- Nickname: sadat pur
- Sadat Pur extension Location in India
- Coordinates: 28°43′21″N 77°15′47″E﻿ / ﻿28.72238°N 77.26295°E
- Country: India
- State: Delhi
- District: North East Delhi
- Lok Sabha Constituency: North East Delhi
- Vidhan Sabha Constituency: Karawal Nagar

Government
- • MP: Manoj Tiwari

Population (2019)
- • Total: 100,000Above
- Time zone: UTC+5:30 (IST)
- PIN: 110090

= Sadat Pur Gujran =

SadatPur extension is a census town in Biharipur in North East district in the Indian state of Delhi.

==About==
As of 2001 India census, Sadat Pur Gujran had a population of 42,564. Males constitute 55% of the population and females 45%. Sadat Pur Gujran has an average literacy rate of 63%, higher than the national average of 59.5%: male literacy is 72%, and female literacy is 52%. In Sadat Pur Gujran, 20% of the population is under 6 years of age. It's one of the sophisticated area of that district. However, the transport system is very poor since last two to three year because of road sewage.
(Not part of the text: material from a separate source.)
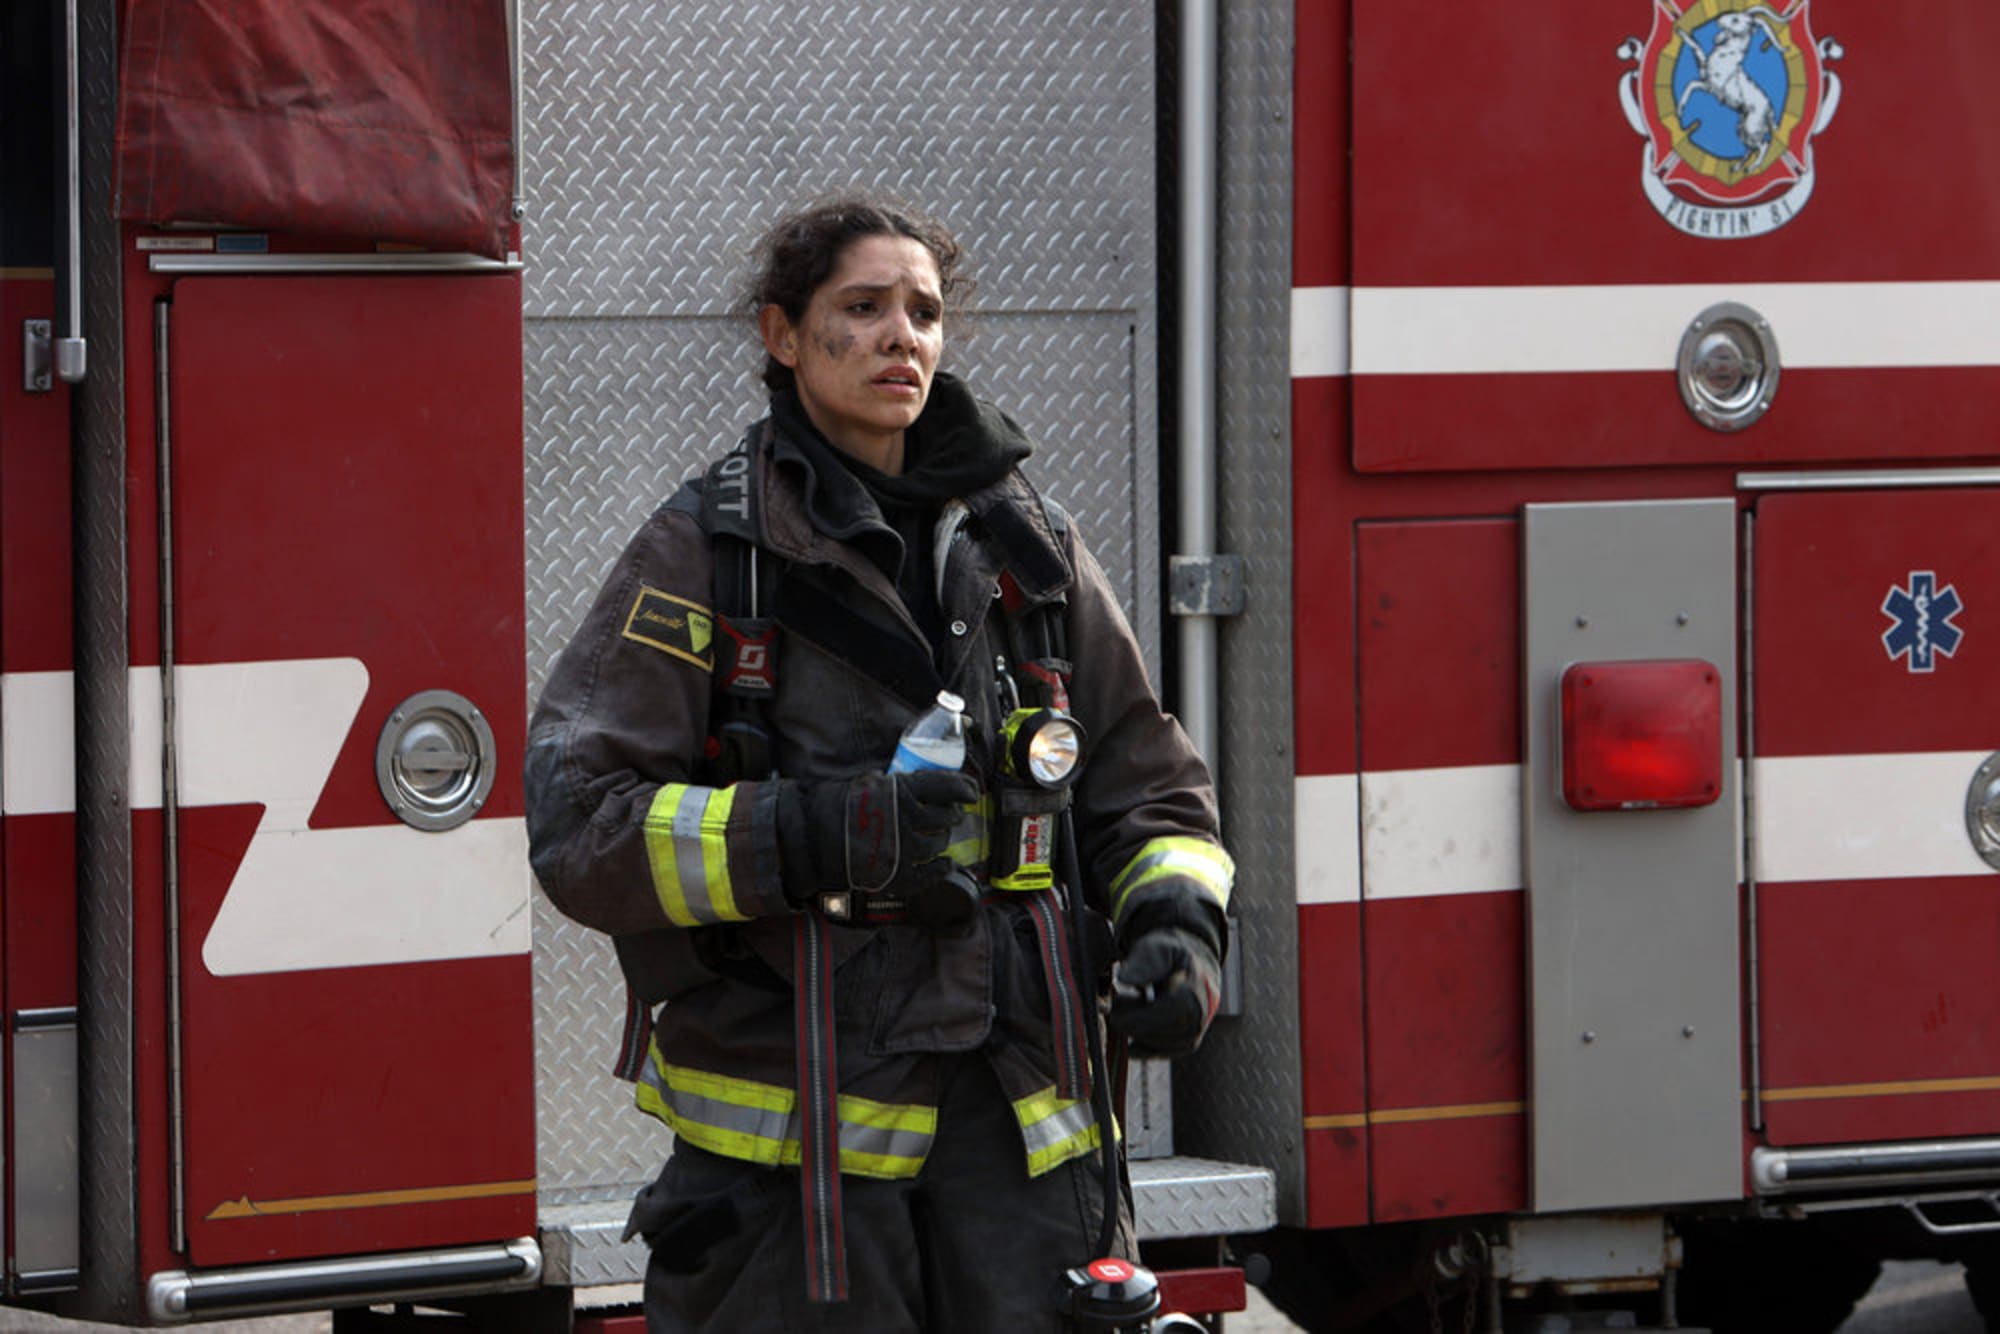 Chicago Fire Season 9 Episode 7: Release Date and Preview.

Further More upcoming projects such as widening of Main Road, Delhi Metro & Signature bridge makes this area a very attractive investment destination.
Sadat Pur People are mix of Rich & Middle Income. Various Residential Welfare Organization are there for welfare of people.

Sadat Pur Extension is the most sophisticated area of Karawal Nagar Constituency. Also it has many Fitness center, Restaurant, Schools and Farm houses.